The evidence-based action knowledge database (EAKD) 102 stores tier-1, tier-2, and tier-3 impact results to promote the development and retraining of student-engagement and student-impact prediction models. The EAKD 102 facilitates database query using natural language and/or user interface (UI) based search to accelerate the path from predictive insights to actions to results. Furthermore, the EAKD 102 keeps growing as new results are automatically inserted from the three-tier impact analysis subsystem 108 and manually from published pilot results that meet certain requirements.
In an embodiment, the EAKD table schema is structured as follows:
-
- 1. General information
- a. Institution information: This table is used to find similar institutions and updated once per term.
- b. Student success program: This table stores program-level information. It is a transactional table at a term level as many of these programs are ongoing.
- 2. Engagement rule (ER), KPI, and student success metrics
- a. Feature description: This table provides detailed information on student-career-term-day and student-career-term-day-section features used in building various prediction and propensity-score models.
- b. Event description: This table describes event-based features.
- c. Engagement rules: This table stores all engagement rules expressed in terms of rules attributes, operators, operands, thresholds, and set functions for those with multiple attributes.
- d. KPIs: This table collects KPIs that can be used to assess short-term efficacy of micro interventions.
- e. Student success metrics: This table provides detailed information on various student success metrics in evaluating program impact.
- f. Engagement rule-to-KPI mapping: This table maps engagement rules to KPIs so that there is one-to-many mapping for automated tier-1 impact analysis.
- 3. Micro intervention content
- a. Automated: mapped to engagement rules
- i. Nudges
- ii. Micro surveys with real-time feedback
- iii. Polls with specific response types
- b. Human: situation-dependent talk/email track
- i. Call scripts
- ii. Email templates
- a.
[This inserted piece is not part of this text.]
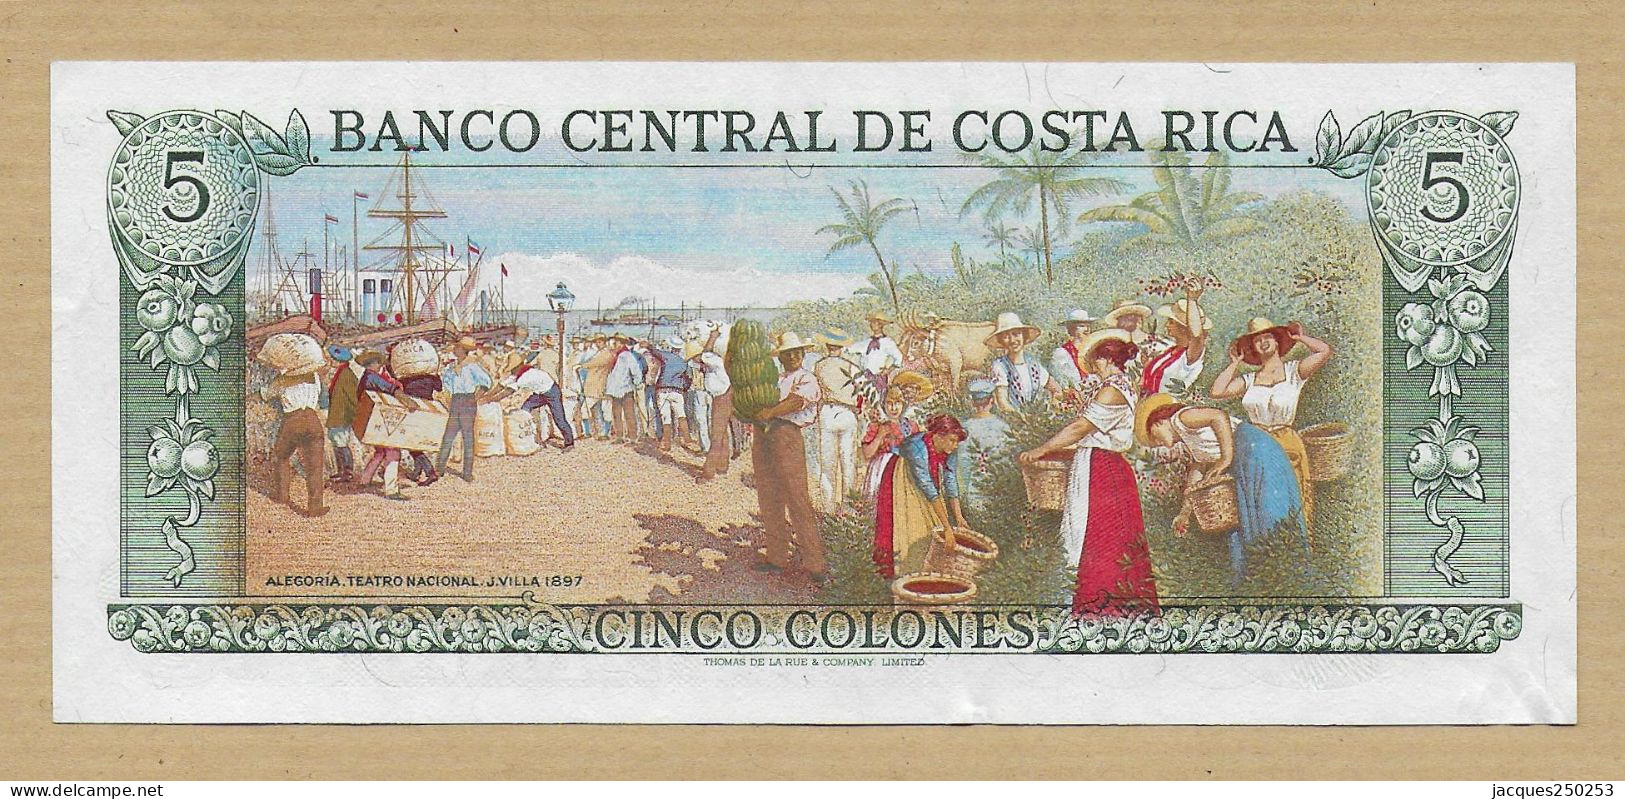 5 COLONES 4 OCTOBRE 1989 - Costa Rica

Automated: mapped to engagement rules
- 4. Reference
- a. Student success program taxonomy
- b. Student taxonomy to describe students
- c. Micro intervention taxonomy
- d. Engagement rule and KPI taxonomy
- e. Institution taxonomy
- 5. Impact analysis specification for each student success program
- a. Type of experiment: Randomized Controlled Trial (RCT), Quasi-experimental Designor (QED), or Regression Discontinuity Design (RDD)
- b. Unit of separation: explains how pilot and control groups are separated along the student, faculty, course, section, and academic program/major dimensions
- c. Student success metrics: can accommodate multiple metrics
- d. Matching type: baseline, pre-post, hybrid—can be inserted at time of analysis based on population analysis
- e. Hard-matching covariates (if any): The default will be null, but each institution can specify must-match covariates for personalization.
- 6. Impact results
- a. Matching performance: This table shows the overall matching performance for pilot and control groups with the following data for each success metric.
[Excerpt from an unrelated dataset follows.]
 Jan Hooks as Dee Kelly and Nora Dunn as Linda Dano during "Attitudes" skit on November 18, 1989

- i. Model segment encoding as part of data adaptive segmentation
- ii. Covariates used in PPSM matching
- iii. Hard-matching covariates
- iv. Segment-level match statistics
- v. PDFs of pilot-control prediction- and propensity-scores
- b. Tier-3 impact results: This table stores tier-3 Rubik's hypercube or CPT cell consisting of
- i. Tier-3 hypercube encoding
- ii. Student success results for each hypercube with p values (measure of statistical significance) and the number of students along with hypercube description
- c. Tier-2 impact results:
- i. Tier-2 hypercube encoding, such as CPT cell features and their values for each cell
- ii. Dynamic feature and prediction score change results for each hypercube with p values (measure of statistical significance) and the number of students
- iii. Correlation coefficients between tier-2 and -1 impact metrics
- d. Tier-1 impact results:
- i. Tier-1 hypercube encoding
- ii. Utility scores corresponding to tier-1 hypercube with p values (measure of statistical significance) and the number of students Correlation coefficients between tier-3 and -2/-1 impact metrics
- e. Literature results: This table stores published results of various student success programs if they meet certain requirements.
- a. Matching performance: This table shows the overall matching performance for pilot and control groups with the following data for each success metric.
- 1. General information
This EAKD structure facilitates algorithm-driven recommendation, natural language search, and UI-based query of appropriate student success programs for institutions.
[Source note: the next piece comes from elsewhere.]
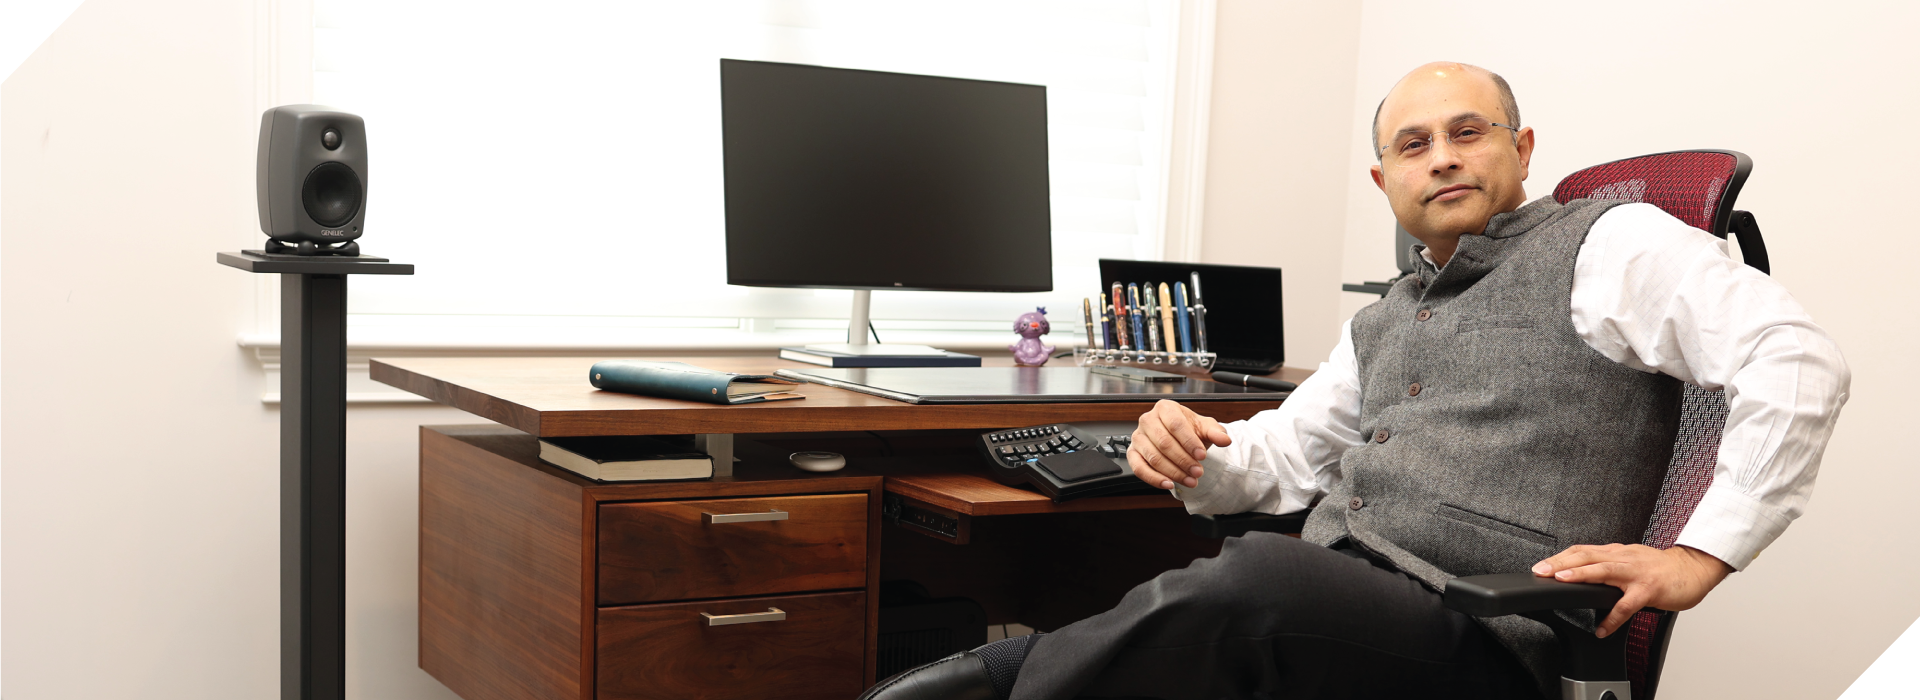 Registered & certified financial advisor Vikram Kaul working in his office.

Lastly, the lifecycle management module 110 operates to create, delete, and update these evidence-based action knowledge base since their relevance and effectiveness may change over time due to changing demographics, underlying economic trends brought upon by new technologies and skills required, and new legislations/regulations. The lifecycle management module 110 tracks impact results across comparable programs over time, looking for consistent results that can be duplicated across multiple, similar institutions. For those programs with inconsistent and/or statistically insignificant results, the lifecycle management module 110 will delete them over time. Furthermore, working with internal stakeholders at higher-education institutions, new innovations in pedagogies, learning techniques, and teaching innovations can be found, leading to suggested pilots to quantify their efficacies and put those results into the knowledge base.
Turning now to
The incoming event data stream consists of passive sensing data with student opt-in and institutional data consisting of, but not limited to, SIS, LMS, CRM, card swipe data, and location beacon data. A user event log 1502 contains student event data stream (timestamped records of student activity). A nudge log 1504 contains triggered nudges or messages to be delivered to particular students at specific times based on engagement rules being fired. An engagement rules log 1506 contains rule status change as part of rules lifecycle management based on the utility scores of the rules in use, as well as new rules being created working in concert with student success coaches. In this context, a rule represents a set of conditions that specify when to send a particular nudge to a particular student. That is, a rule is a mathematical expression of when to engage students using an appropriate subset of streaming event data and derived features. Each rule is made up of two parts: the event trigger, which links a particular sort of event to a particular nudge response, and a contextual condition, which can further limit a rule's effect by requiring that certain things be true at the time of the event (e.g., low engagement, low attendance).
As illustrated in
These multiple-data streams are converted into user-centric time series event data that adhere to defined entity-event taxonomies and stored as the user event logs 1502 so that open-source tools that target such data schema can be leveraged. Furthermore, various digital signal processing algorithms are applied to derive time-series features, such as, but not limited to, course-taking patterns over time, grade trends over n-tiles of courses by their impact scores by graduation, and degree program alignment score that computes how closely the students are following the modal pathways of the successful students in their chosen majors.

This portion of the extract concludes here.